3 Replies Latest reply on Mar 8, 2007 2:06 PM by cja987

    manual flushing and state from database

    milesif

      hi everybody,

      I have a conversation component derived from EntityHome with manual flush mode. Before flushing changes for the associated entity to the db I would like to re-read its status field from db and stop saving the changes if it has a specific value that was posted by a concurrent user. The problem is that, if I refresh the entity to get the current status from db I obviously lose the changes submitted from the form and, if I use the entity manager to get another instance of the same record using a query and getSingleResult(), I get the same instance I obtain calling getInstance(), and such instance has the old value of the status field.
      How can I do that?

      Thanks in advance

      ciao Francesco

        • 1. Re: manual flushing and state from database
          christian.bauer

          Not sure this is a good idea, because you _want_ to break repeatable read isolation of your conversation/transaction. But you can with a scalar query, a query that doesn't return entity instances (which would hit the persistence context cache): select e.statusProperty from MyEntity e

          This goes straight to the database and returns this value, the only cache that could be between you and the data is the Hibernate second-level query cache (which isn't enabled by default).

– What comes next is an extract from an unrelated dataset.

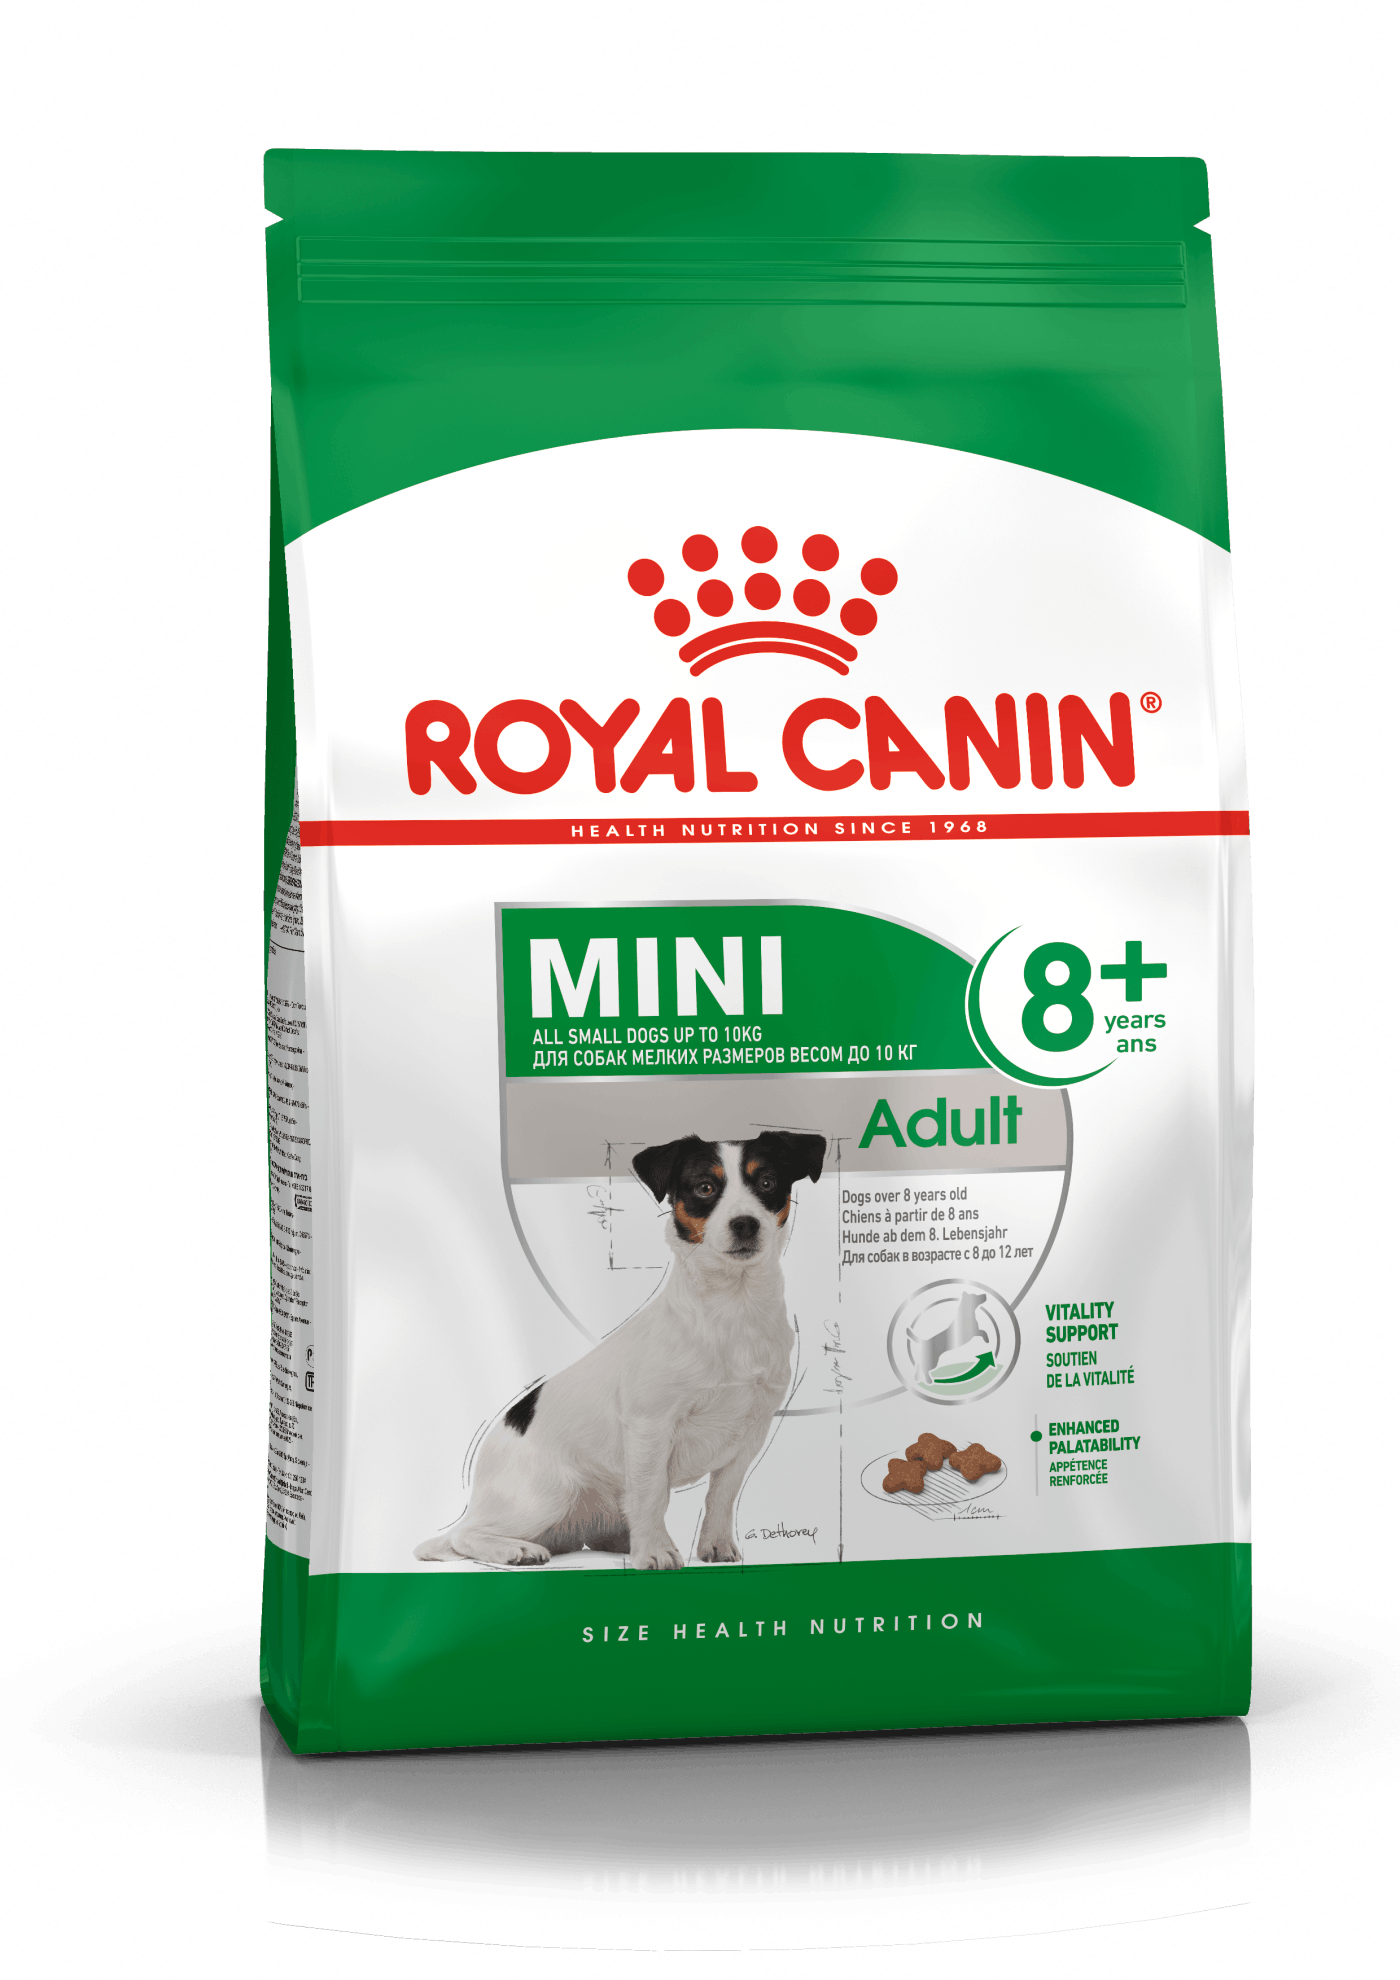 Royal Canin Mini Adult 8+. Hunde over 8 år.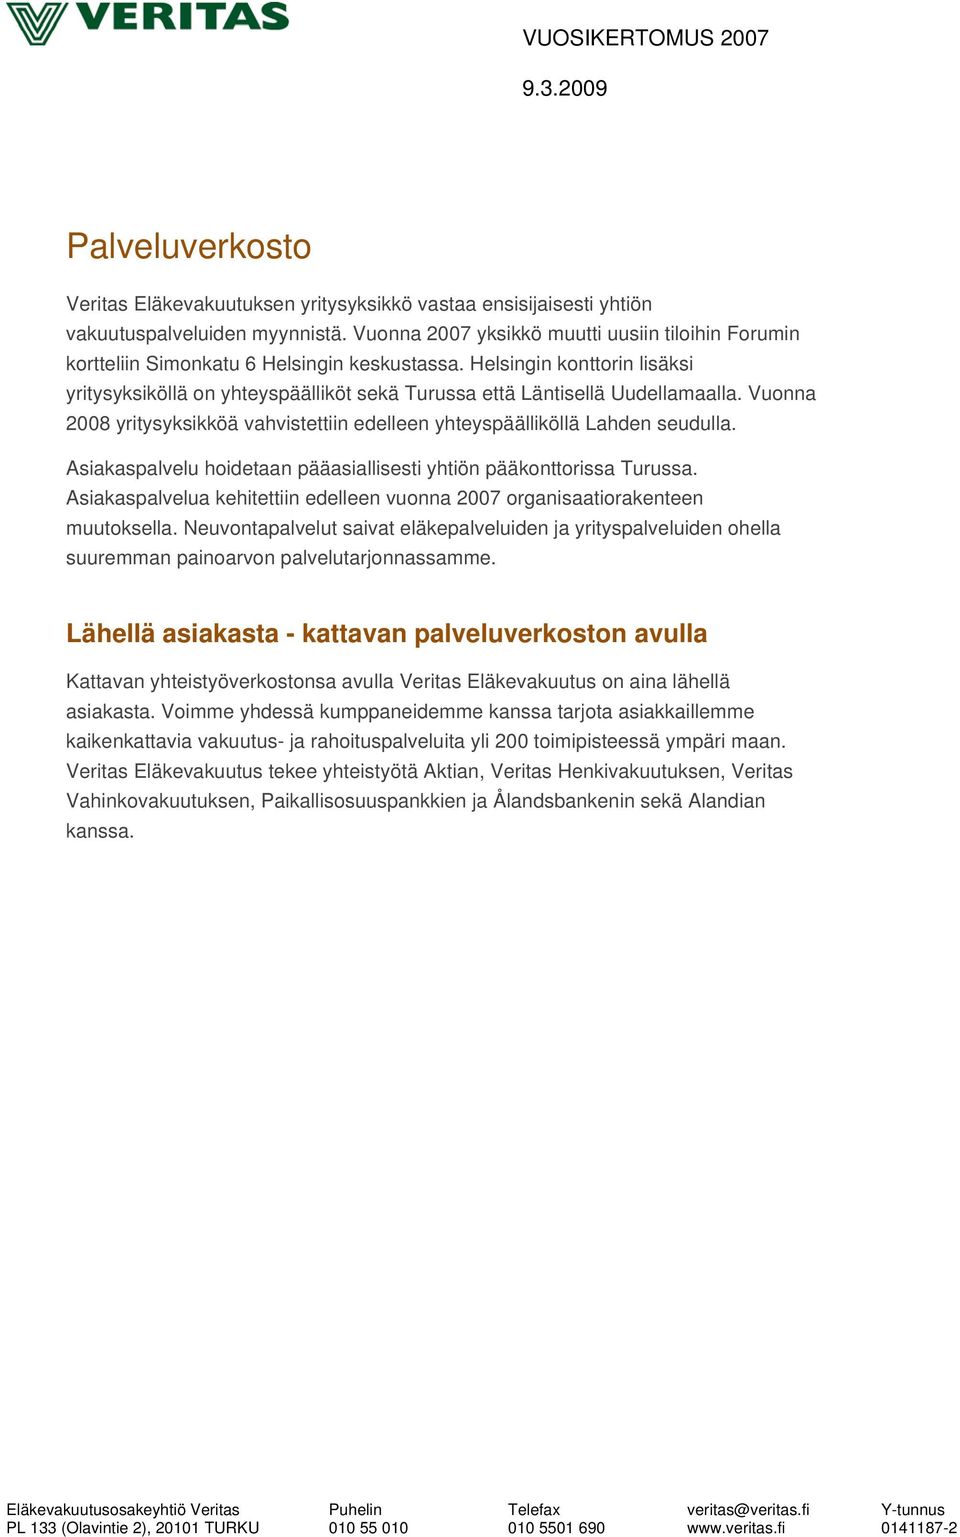 Helsingin konttorin lisäksi yritysyksiköllä on yhteyspäälliköt sekä Turussa että Läntisellä Uudellamaalla. Vuonna 2008 yritysyksikköä vahvistettiin edelleen yhteyspäälliköllä Lahden seudulla.

          • 2. Re: manual flushing and state from database
            christian.bauer

            Btw, this is usually solved with versioning and automatic optimistic locking: You'd get a StaleObjectState (or the equivalent EJB3 exception) when you try to save and someone else modified the same row.

            • 3. Re: manual flushing and state from database

              Versioning and optimistic locking is also immune to the inevitable race condition of checking for changes before a commit. It does throw an exception though, which makes recovery like offering a "merge" screen somewhat complicated.

              Sometimes you still might want to peek outside the current transaction, like if you wanted to poll for changes during an edit session and show a warning. A query in a different entitymanager (like one you get from @PersistenceContext or from JNDI) ought to do the trick, no?